Ещё в Тобольске отец доверил ей сокровенные мысли, говорил и о тревожных пророчествах:
— Папа, — Ольга поцеловала его руку, потом чмокнула седеющий висок, — ты сожалеешь о прошлом?
Она уже знала ответ.
— Дорогая моя девочка, о себе не сожалею, не сожалею даже о вас. Я знаю, что мы под Божьим покровом, и что бы ни стряслось с нами — на всё Его святая воля. А вот о «них» — да, скорблю. О тех, кто про волю Его забыл.
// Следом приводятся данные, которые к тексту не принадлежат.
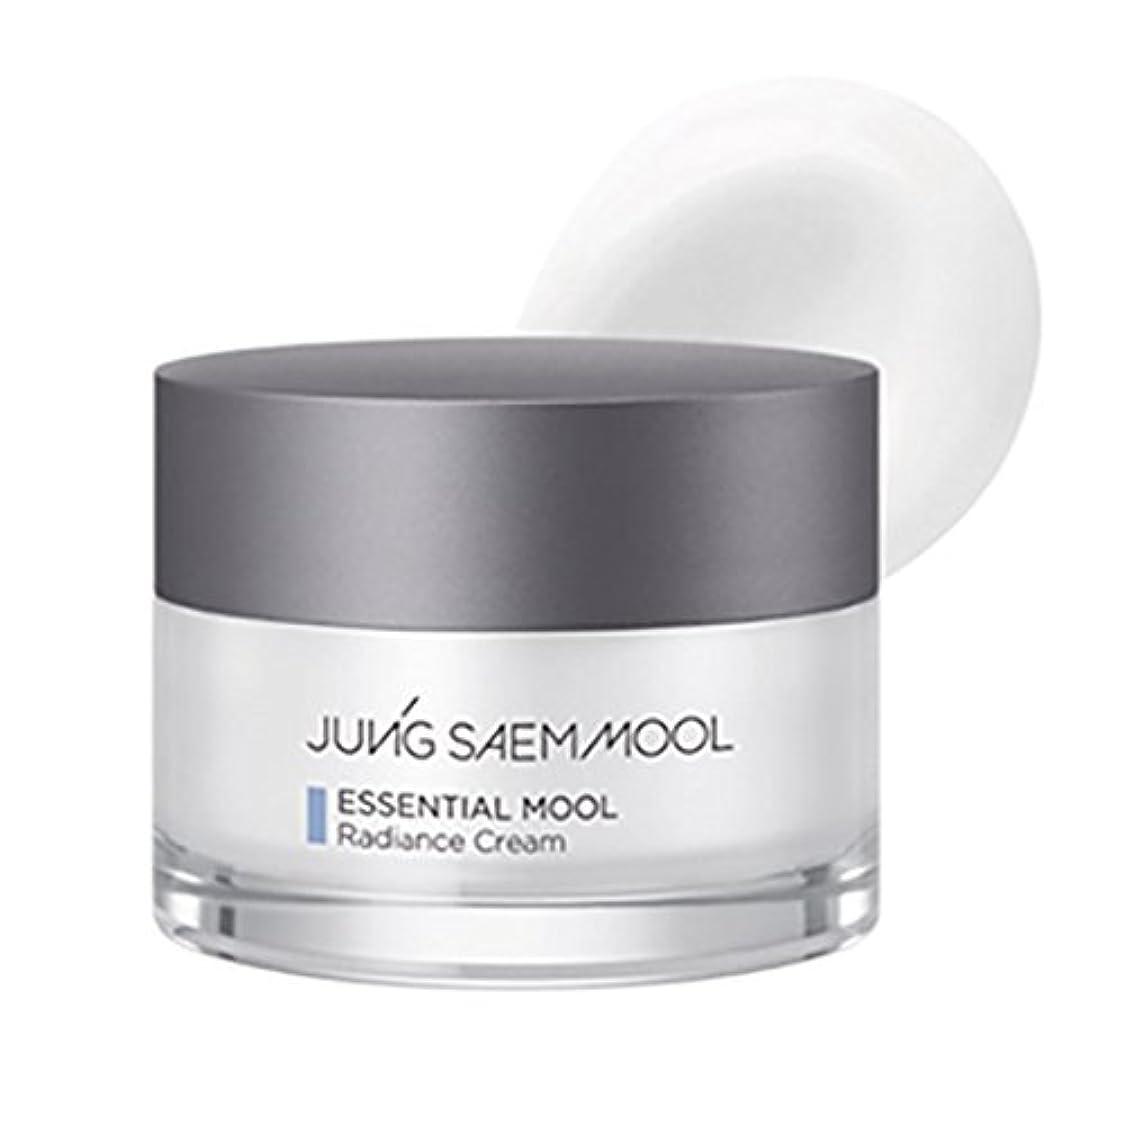 楽観シニスサイトライン[ジョンセンムル]JUNGSAEMMOOL NEWエッセンシャルムルラディアンスクリーム 50ml 海外直送品 Essential Mool Radiance Cream 50ml [並行輸入品]

Обида, боль за себя... Да, была, но теперь нет её. Остались лишь скорбь и страх за народ. И надежда. И вера. Всё ещё переменится. А ты, мой друг, когда будешь писать на волю, передай мои слова всем тем, кто остался мне предан, и тем, на кого они могут иметь влияние: пусть не мстят за меня, я всех простил и за всех молюсь, чтобы не мстили за себя. И чтобы помнили: то зло, которое царит сейчас в мире, станет ещё сильнее, но не зло победит зло, а только любовь...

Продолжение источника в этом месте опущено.